深度学习模型在训练好以后,下一步就是部署到不同的设备进行测试,不同设备之间的转换一般可以通过中间件ONNX进行转换,以达到不同平台的通用。本文以模型转为ONNX为起点,分析介绍ONNX转为TensorRT Engine并进行推理的整个流程链路。
ONNX序列化为TRT模型的整个流程可以用下图表示
使用C++的API进行开发时,需要引入头文件NvInfer以及NvOnnxParser,C++的接口都是通过I开头的的接口类定义的,如ILogger、IBuilder等。
#include “NvInfer.h”
#include “NvOnnxParser.h”
using namespace nvonnxparser;
using namespace nvinfer1;
创建构建器之前有两种方式实例化ILogger:
1、引用tensorrtx的logging.h,使用其中的Logger
#include "logging.h"
static Logger gLogger;
IBuilder* builder = createInferBuilder(gLogger);
2、继承ILogger,实例化接口
class Logger : public ILogger
{
void log(Severity severity, const char* msg) noexcept override
{
if (severity <= Severity::kWARNING)
std::cout << msg << std::endl;
}
} logger;
IBuilder* builder = createInferBuilder(gLogger);
创建构建器后,需要创建网络定义来进行模型优化:
INetworkDefinition *network = builder->createNetworkV2(0U); //是0U还是1u需视情况而定
创建onnx的解析器来进行网络定义的填充,并读取模型文件并处理是否存在错误。
IParser* parser = createParser(*network, gLogger);
parser->parseFromFile(onnx_path, static_cast<int32_t>(ILogger::Severity::kWARNING));
for (int32_t i = 0; i < parser->getNbErrors(); ++i)
{
std::cout << parser->getError(i)->desc() << std::endl;
}
std::cout << "successfully parse the onnx model" << std::endl;
IBuilderConfig *config = builder->createBuilderConfig();
builder->setMaxBatchSize(maxBatchSize);
config->setMaxWorkspaceSize(1 << 20);
auto profile = builder->createOptimizationProfile();
auto input_tensor = network->getInput(0);
auto input_dims = input_tensor->getDimensions();
input_dims.d[0] = 1;
profile->setDimensions(input_tensor->getName(), nvinfer1::OptProfileSelector::kMIN, input_dims);
profile->setDimensions(input_tensor->getName(), nvinfer1::OptProfileSelector::kOPT, input_dims);
input_dims.d[0] = batchSize;
profile->setDimensions(input_tensor->getName(), nvinfer1::OptProfileSelector::kMAX, input_dims);
config->addOptimizationProfile(profile);
#ifdef USE_FP16
config->setFlag(BuilderFlag::kFP16);
#endif
#ifdef USE_INT8
config->setFlag(BuilderFlag::kINT8);
#endif
ICudaEngine* engine = builder->buildEngineWithConfig(*network, *config);
assert(engine != nullptr);
(*modelStream) = engine->serialize();
assert(modelStream != nullptr);
std::ofstream p(engine_path, std::ios::binary);
if (!p)
{
std::cerr << "could not open plan output file" << std::endl;
return -1;
}
p.write(reinterpret_cast<const char*>(modelStream->data()), modelStream->size());
modelStream->destroy();
onnx转换为engine并序列化后,可以减少构建和优化模型的时间,如下图所示,从序列化的engine读取开始完成整个推理过程。
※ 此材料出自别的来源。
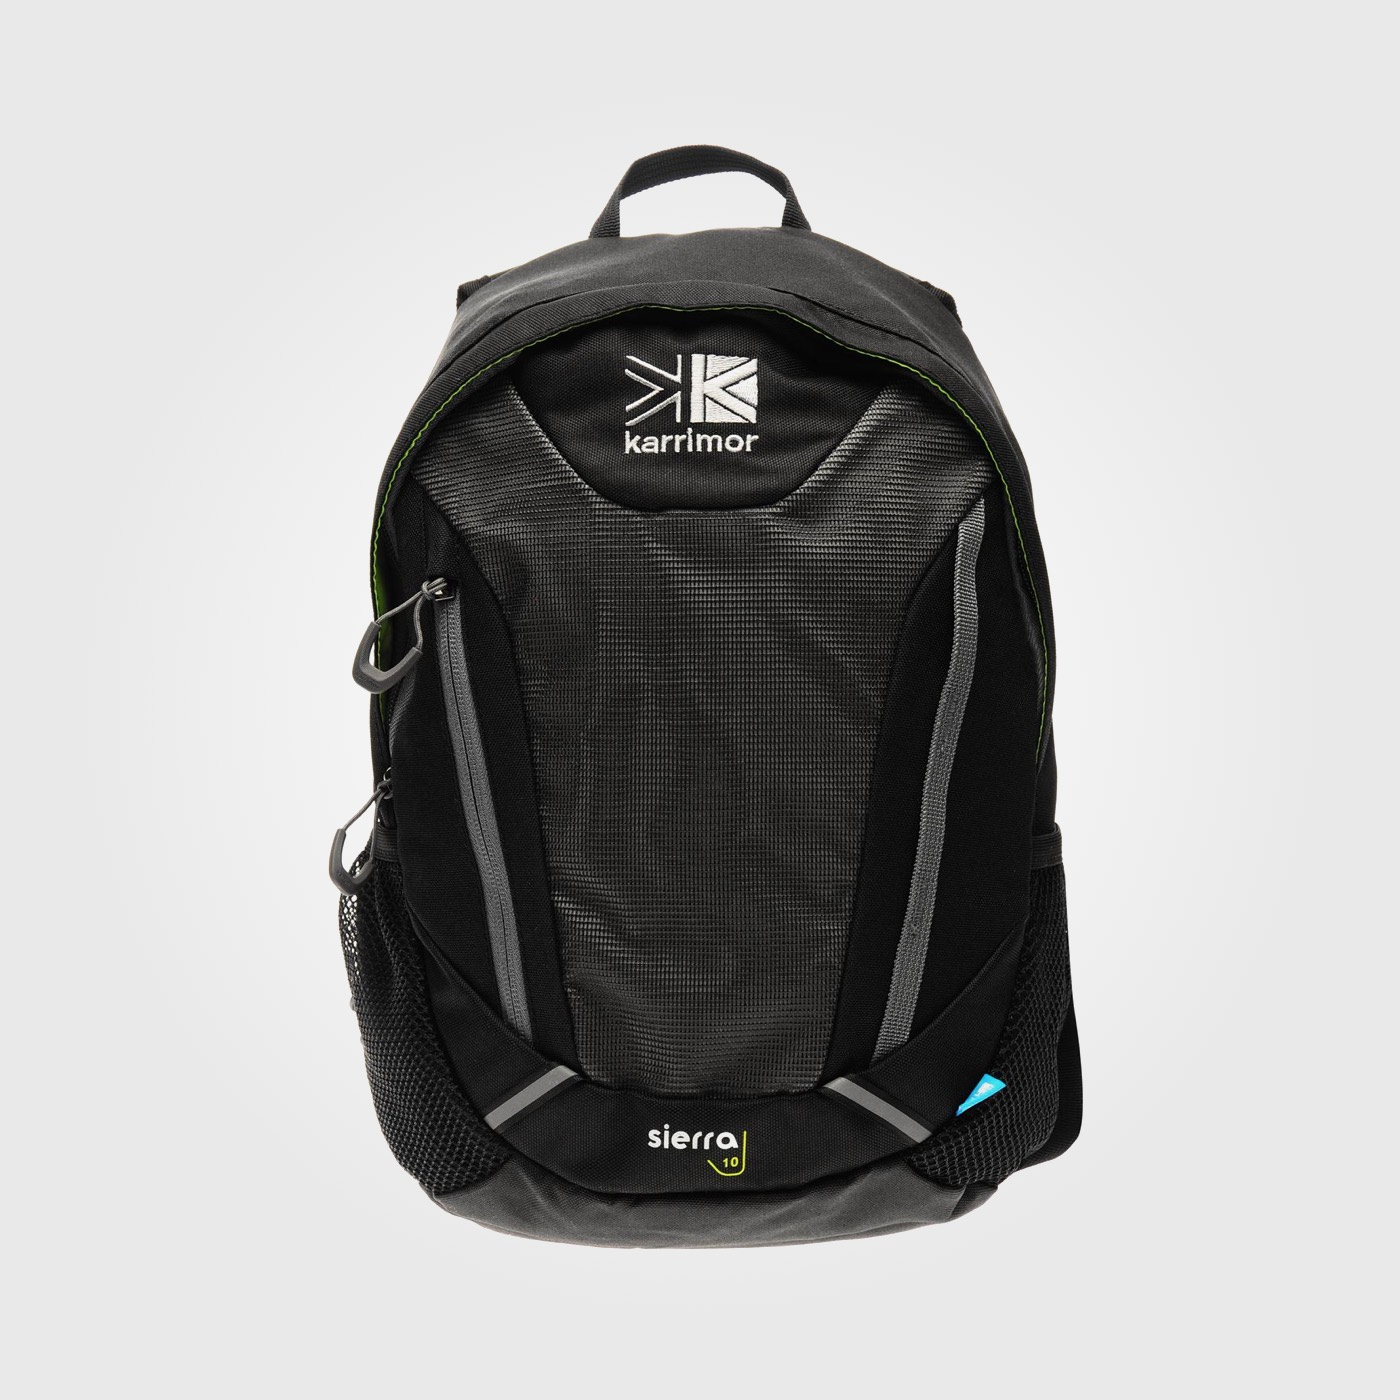 Рюкзак Karrimor Sierra 10 Ruc 00 Dk Reflective

读取序列化的模型,存放在trtModelstream中。
size_t size{ 0 };
std::ifstream file(engine_path, std::ios::binary);
if (file.good()) {
file.seekg(0, file.end);
size = file.tellg();
file.seekg(0, file.beg);
trtModelStream = new char[size];
assert(trtModelStream);
file.read(trtModelStream, size);
file.close();
通过logger创建runtime
IRuntime* runtime = createInferRuntime(gLogger);
assert(runtime != nullptr);
通过runtime解析trtModelstream,创建engine
ICudaEngine* engine = runtime->deserializeCudaEngine(trtModelStream, size, nullptr);
assert(engine != nullptr);
IExecutionContext* context = engine->createExecutionContext();
assert(context != nullptr);
runtime->destroy();
前处理
float* input_data = (float*)malloc(3 * input_h * input_w * sizeof(float));
int ImgCount = InputImage.size();
for (int b = 0; b < ImgCount; b++) {
cv::Mat img = InputImage.at(b);
int w = img.cols;
int h = img.rows;
int i = 0;
for (int row = 0; row < h; ++row) {
uchar* uc_pixel = img.data + row * img.step;
for (int col = 0; col < input_w; ++col) {
input_data[b * 3 * input_h * input_w + i] = (float)uc_pixel[2] / 255.0;
input_data[b * 3 * input_h * input_w + i + input_h * input_w] = (float)uc_pixel[1] / 255.0;
input_data[b * 3 * input_h * input_w + i + 2 * input_h * input_w] = (float)uc_pixel[0] / 255.0;
uc_pixel += 3;
++i;
}
}
}
前向推理
void doInference()
{
const ICudaEngine& engine = context.getEngine();
// Pointers to input and output device buffers to pass to engine.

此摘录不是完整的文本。